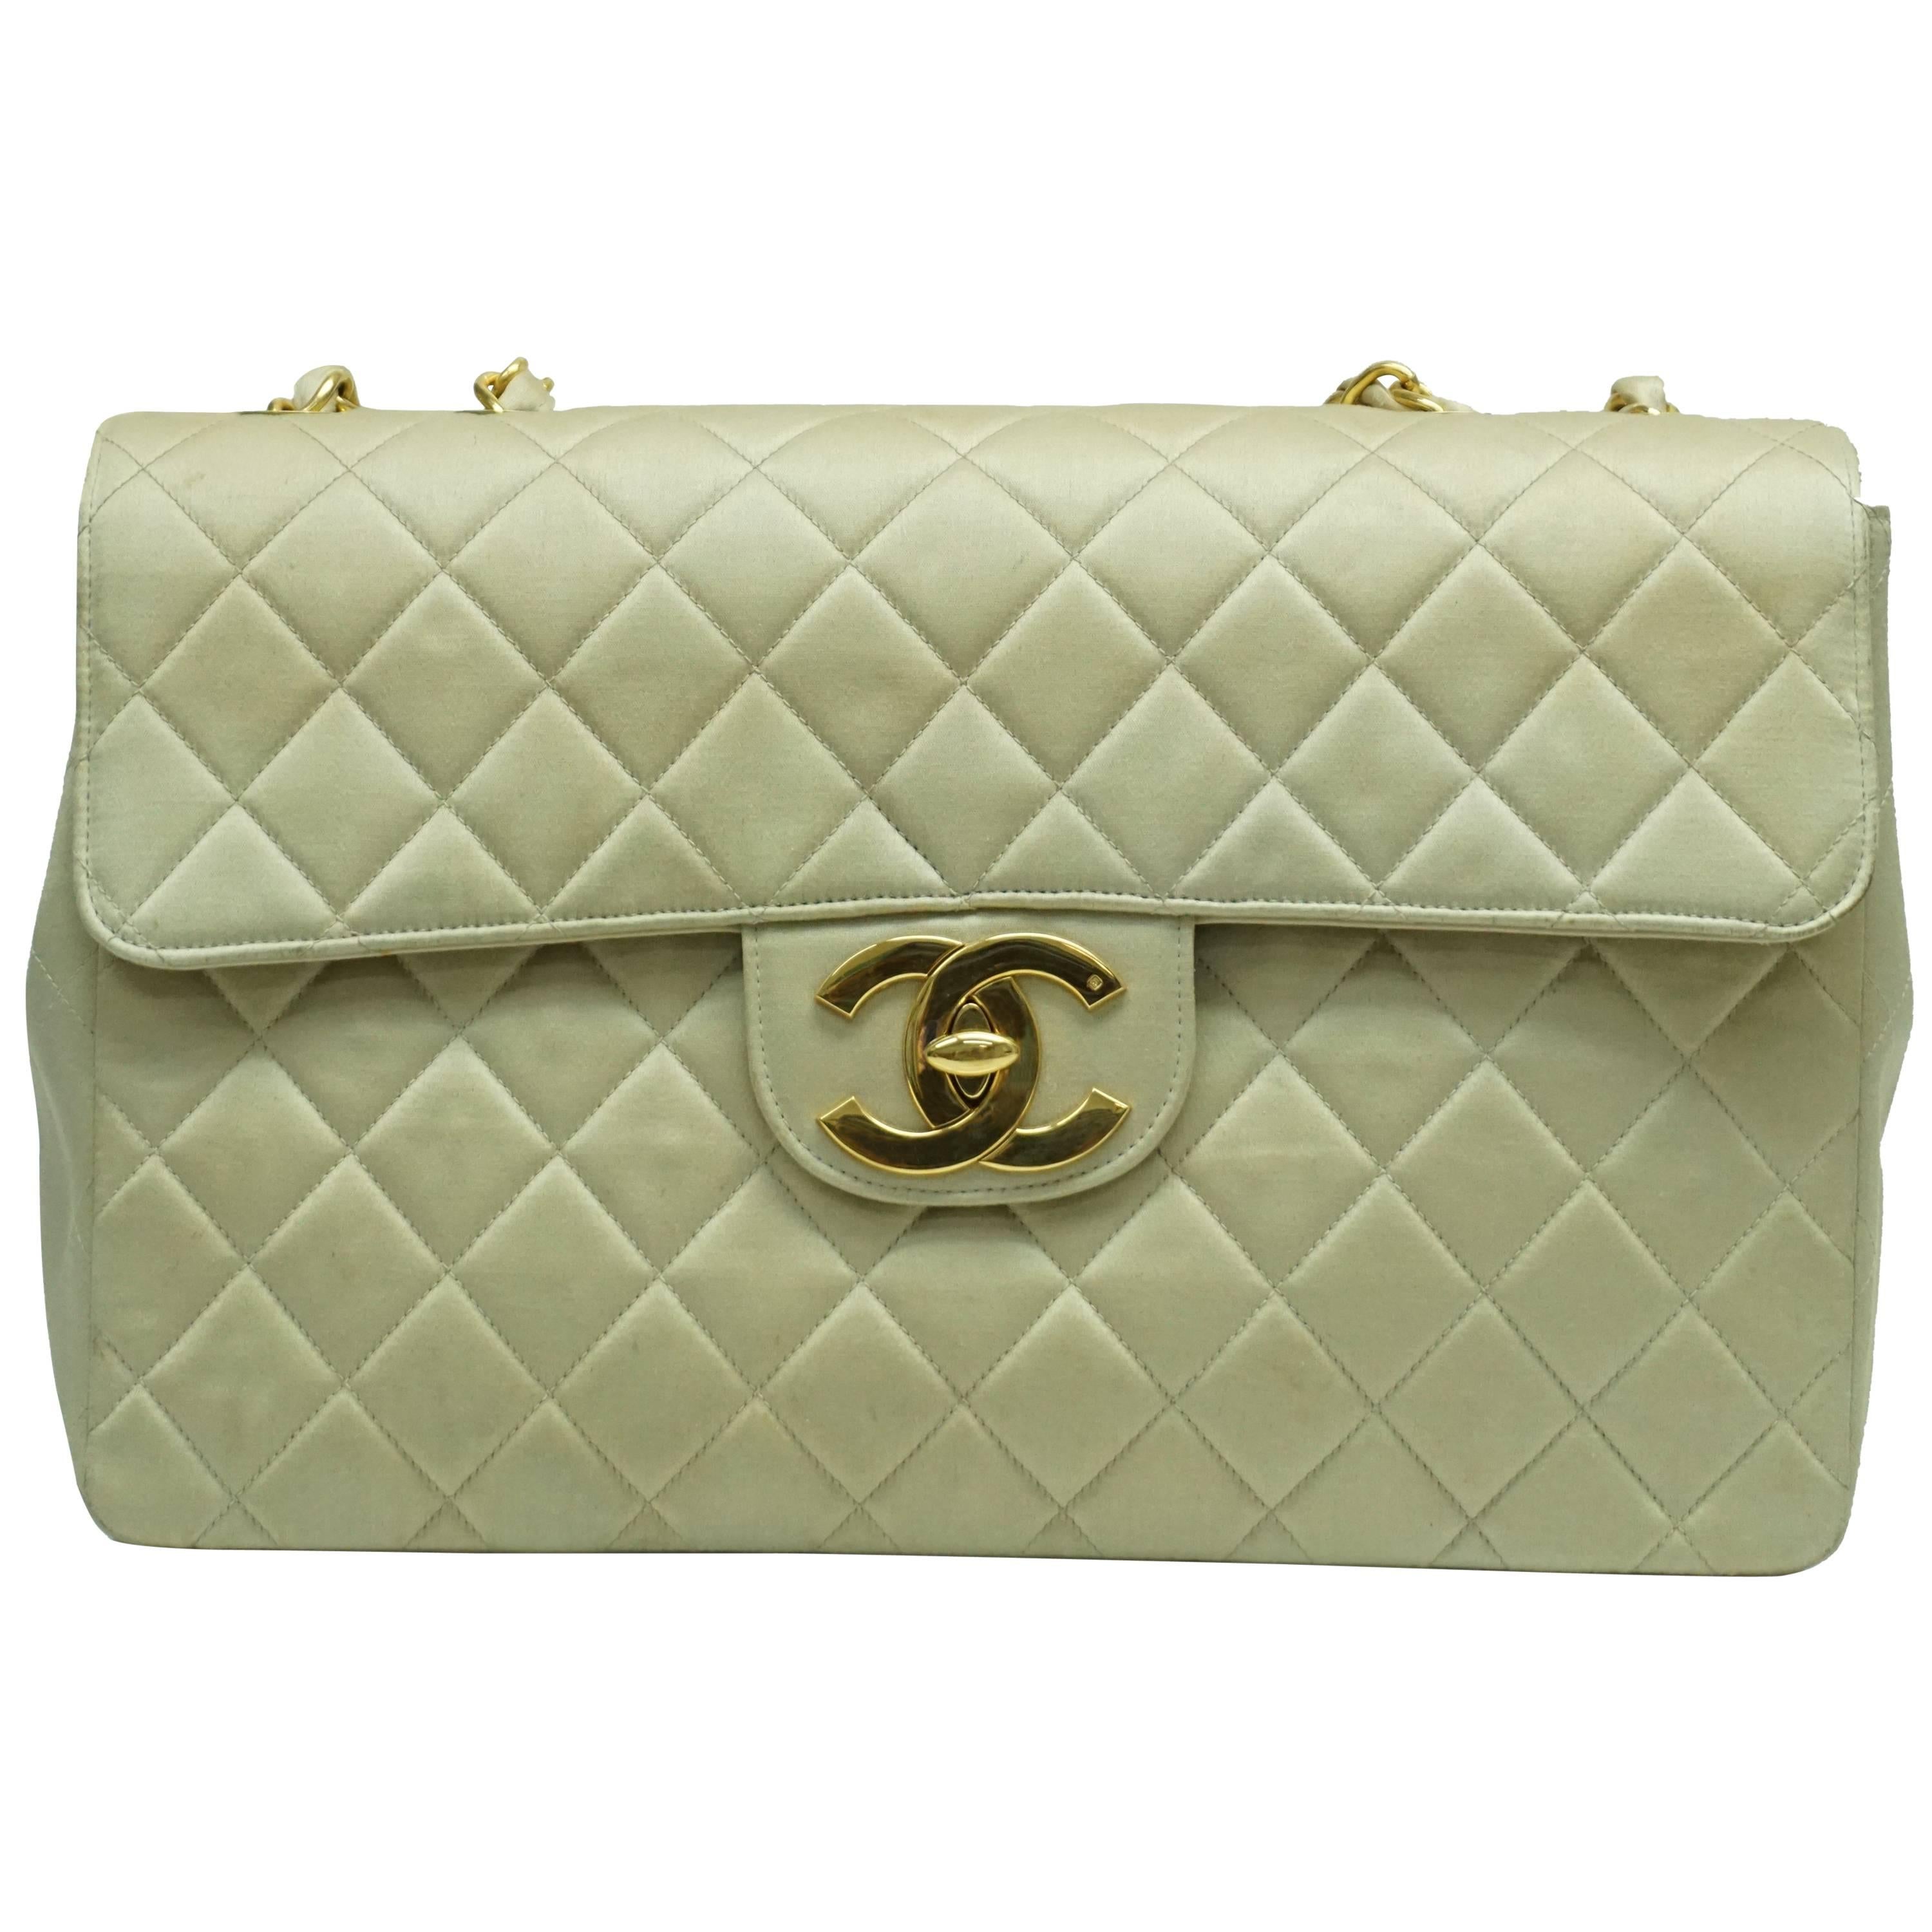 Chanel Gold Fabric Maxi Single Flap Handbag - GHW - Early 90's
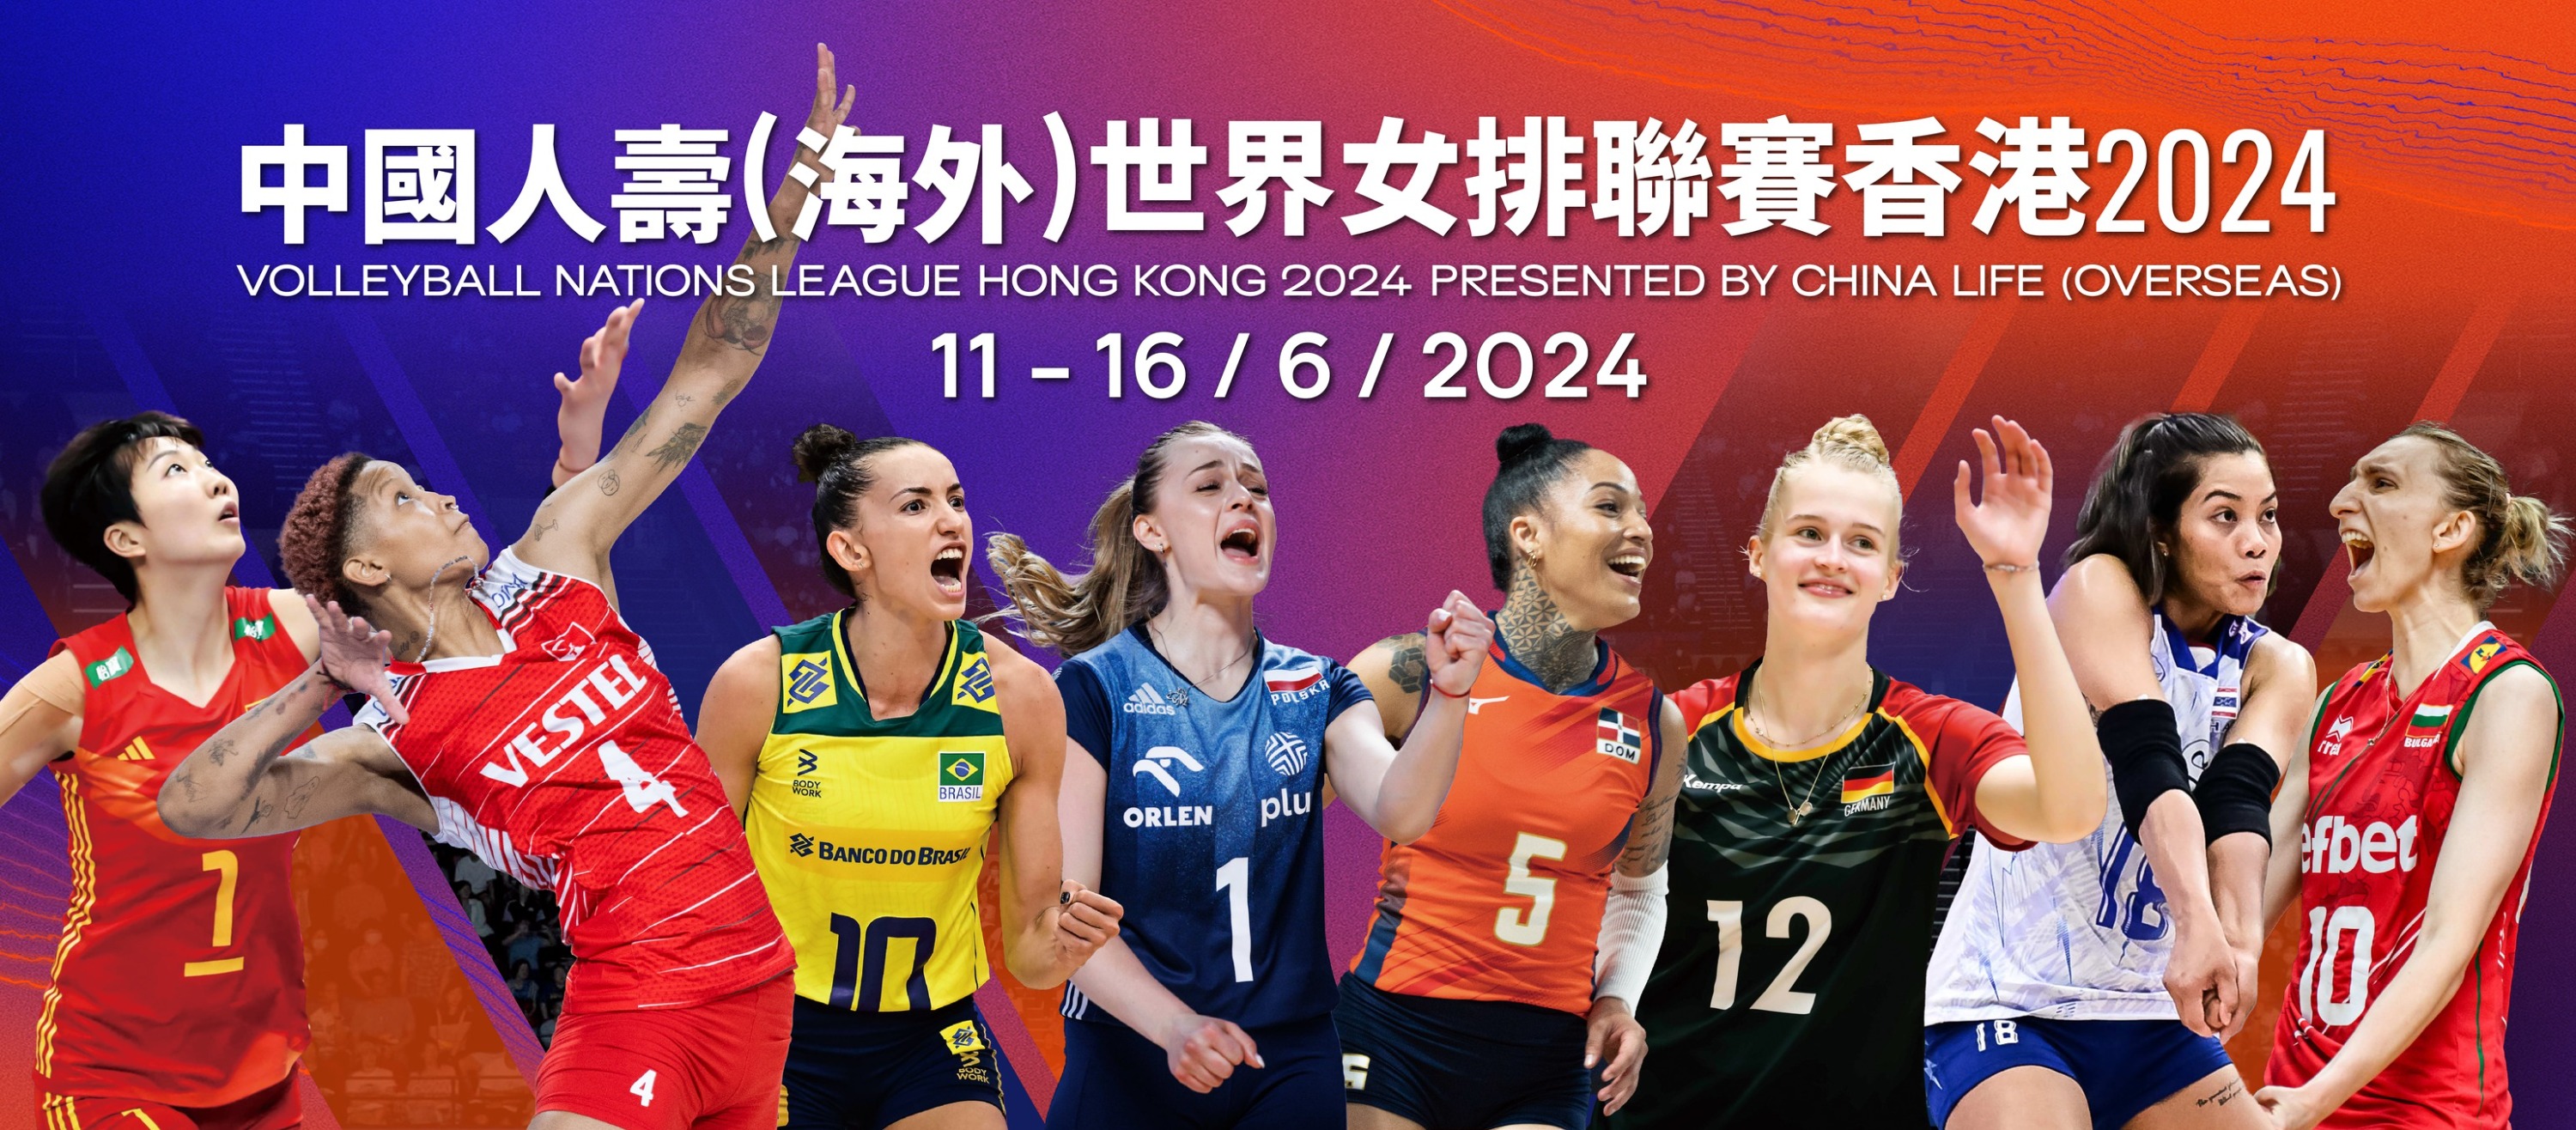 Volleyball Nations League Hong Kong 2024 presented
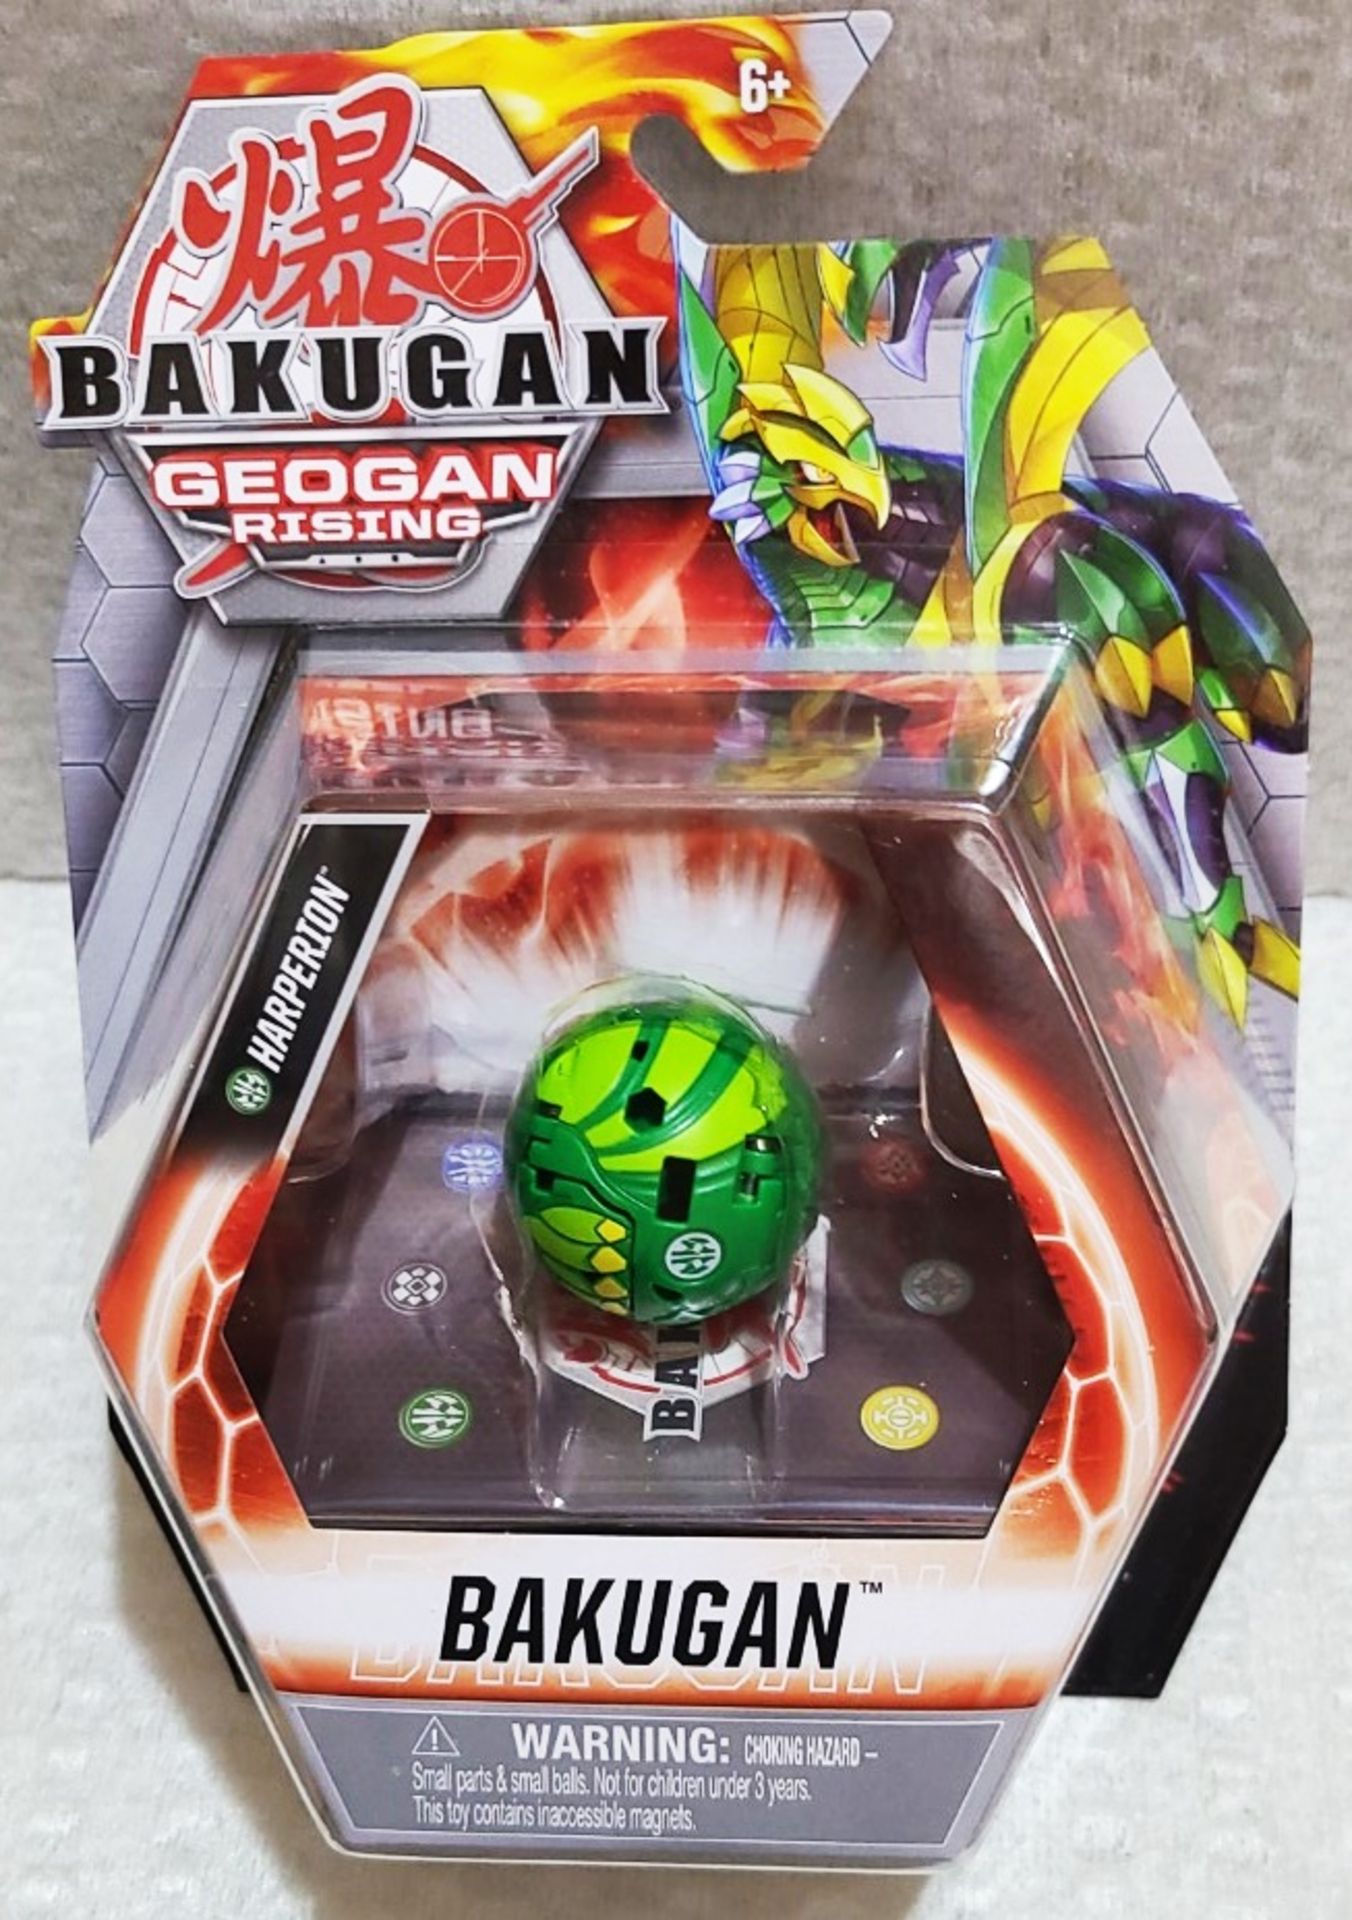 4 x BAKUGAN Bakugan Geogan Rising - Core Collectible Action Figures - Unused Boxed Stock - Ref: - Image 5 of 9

**EXERCISE DESCRIPTION:** Leave every picture out and copy precisely the lines from the one containing "Volleyball Nations League" through the last line of the data above, both ends included.

**WRITTEN REPLY:**
 Volleyball Nations League Hong Kong 2024 presented
 4 x BAKUGAN Bakugan Geogan Rising - Core Collectible Action Figures - Unused Boxed Stock - Ref: - Image 5 of 9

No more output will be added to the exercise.